This can be interpreted as the probability of success in a game where Alice and Bob receive inputs $x$ and $y$ from a referee, and must return equal outputs if the inputs are 00, 01, or 10, and must return different outputs if the inputs are 11.

We want to prove an upper bound to $p_\text{succ}$ from the decomposition of the conditional probabilities derived above. First we rewrite it as

\[ p_\text{succ} = \sum_{abxy} M^{ab}_{xy} p(ab|xy) = \sum_{abxy} \sum_\lambda M^{ab}_{xy} p(\lambda)p(a|x\lambda)p(b|y\lambda) \]

where $M^{ab}_{xy} = \frac14\delta_{a\oplus b,xy}$ are the coefficients defined by the above sum of probabilities. Note now that

\[ p_\text{succ} \le \max_\lambda \sum_{abxy} M^{ab}_{xy} p(a|x\lambda)p(b|y\lambda) \]
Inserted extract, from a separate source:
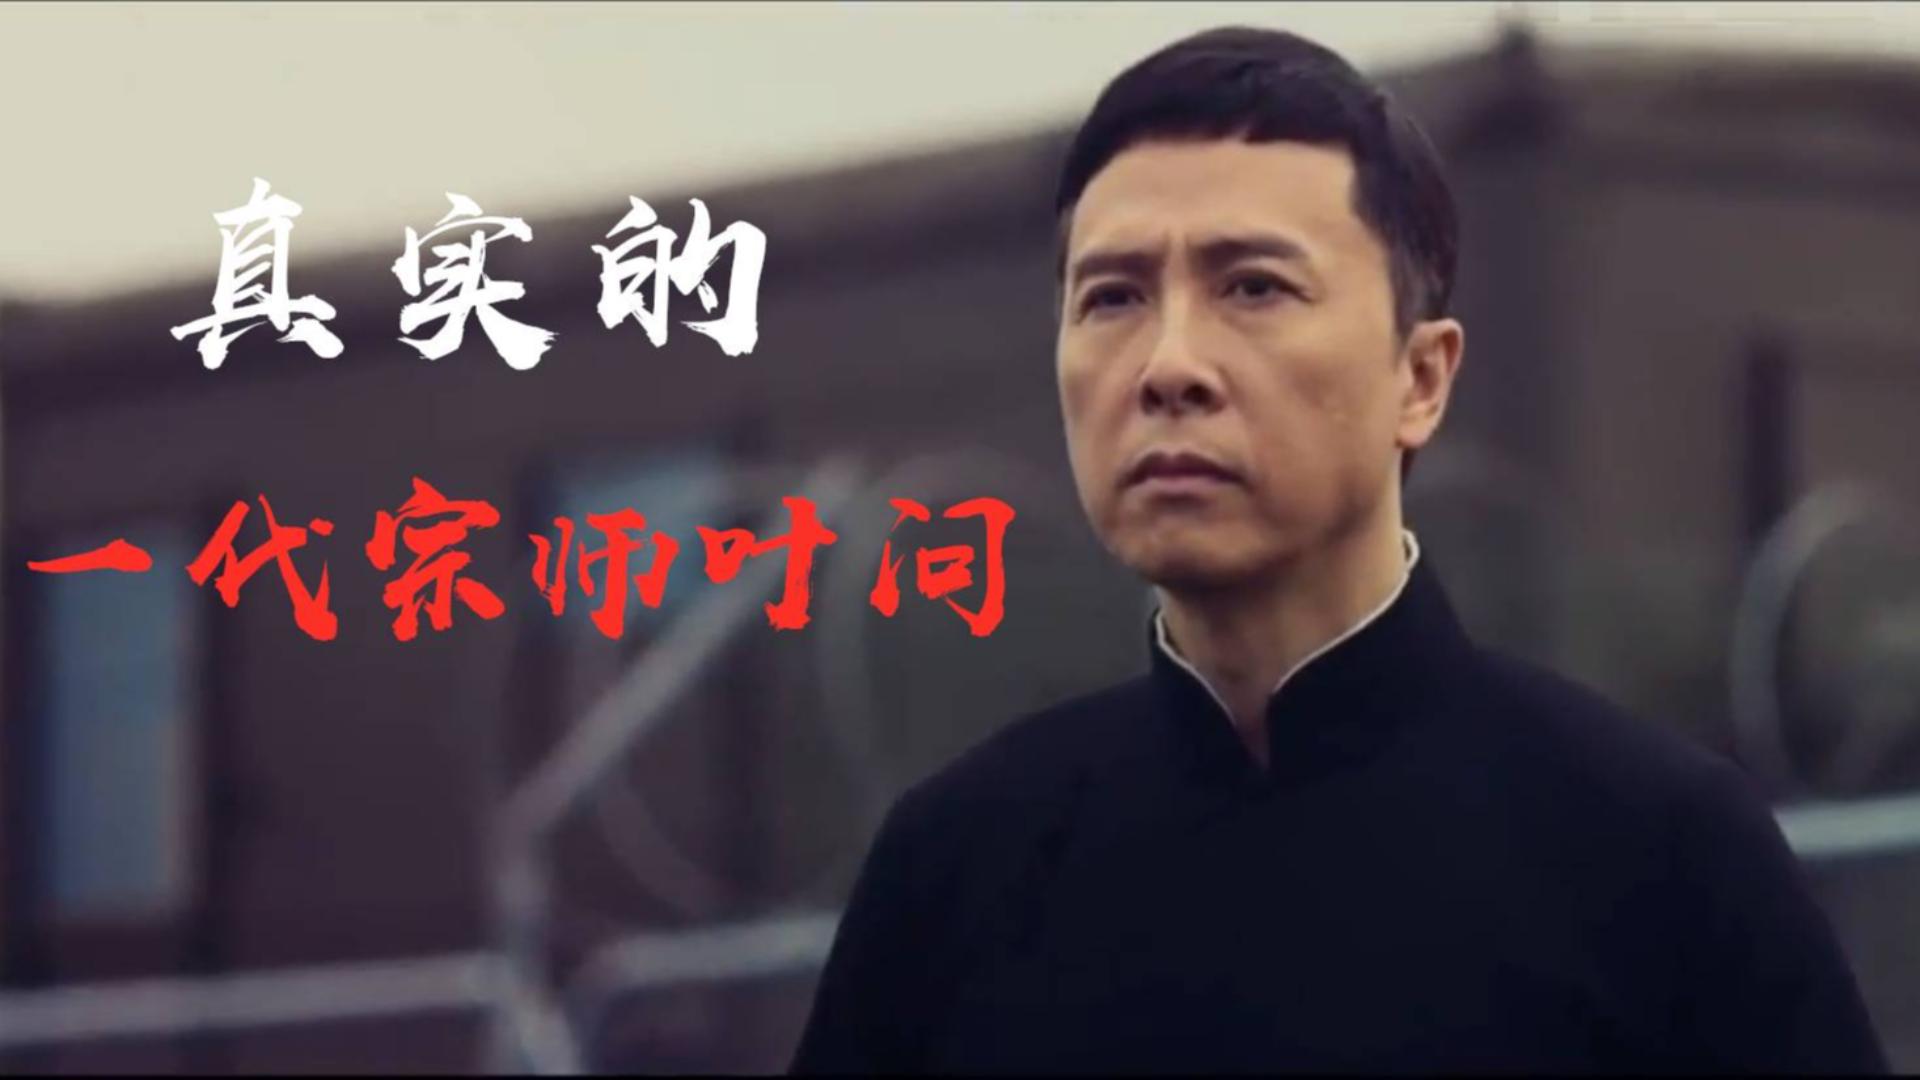 《叶问》:真实的一代咏春宗师叶问的一生是怎样的?到底能不能打?

as the convex combination over $\lambda$ can only reduce the value of $p_\text{succ}$. And since the functions $p(a|x\lambda)$ and $p(b|y\lambda)$ are assumed to be deterministic, there can only be a finite number of them (in fact 4 different functions for Alice and 4 for Bob), so we can do the maximization over $\lambda$ simply by trying all 16 possibilities. Doing that, we see that

\[p_\text{succ} \le \frac34\]

for theories that obey *no conspiracy*, *determinism*, and *no action at a distance*. This is the famous CHSH inequality.

On the other hand, according to quantum mechanics it is possible to obtain

\[p_\text{succ} = \frac{2 + \sqrt2}{4}\]

and a violation of the bound $3/4$ was observed experimentally, so at least one of the three assumptions behind the theorem must be false. Which one?
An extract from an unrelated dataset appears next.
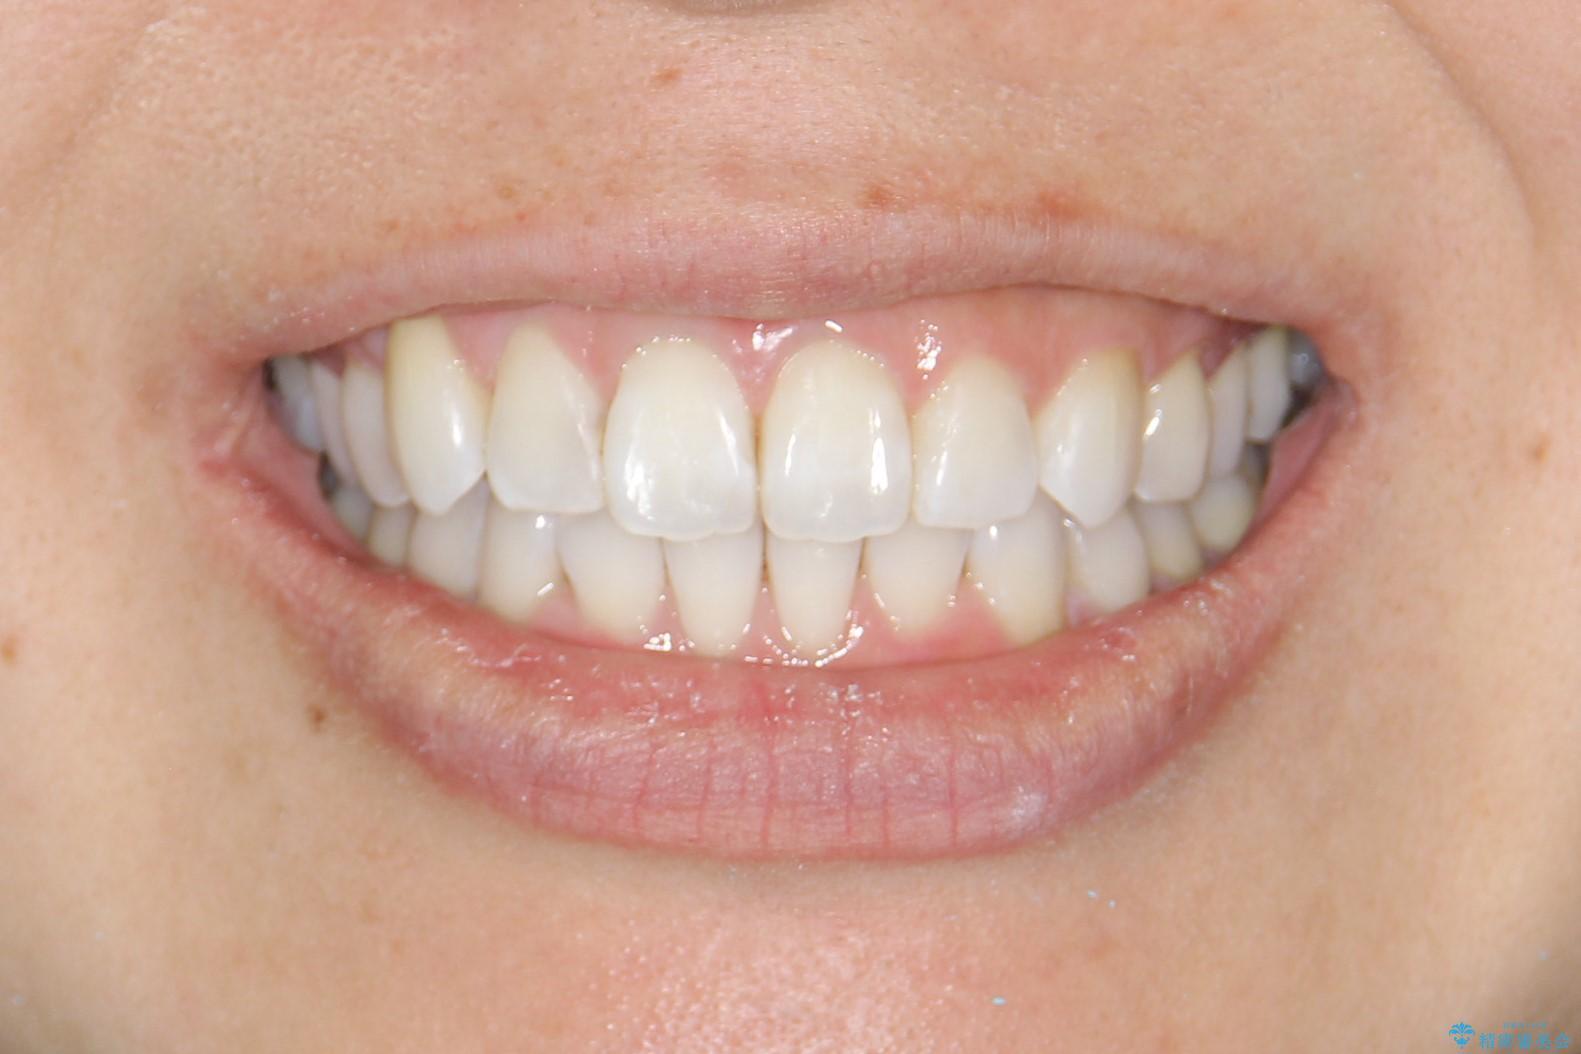 抜歯せずに八重歯のマウスピース矯正の治療後(顔貌)

Mateus, I applaud your initiative. Now if you allow me some criticism: I think that your explanation was crystal clear (for starting undergraduates, say) up to almost the very end, but things got out of rail with p_suck;-) I think that you rushed too much. To be honest, if one gets a feeling of your last 3 equations by eye inspection enough to agree that p_succ must be smaller than 3/4 while in quantum mechanics you get the other result, then I don’t believe such person would need your paused, motivating initial discussion at all.

Thanks for the criticism, masmadera. Indeed, the derivation of the bound 3/4 was too rushed, and I rewrote the end of the post to make it more clear. I had done it this way because in my experience people always have trouble with the conceptual part, not with the mathematical part. But I should just have given the complete derivation to start with.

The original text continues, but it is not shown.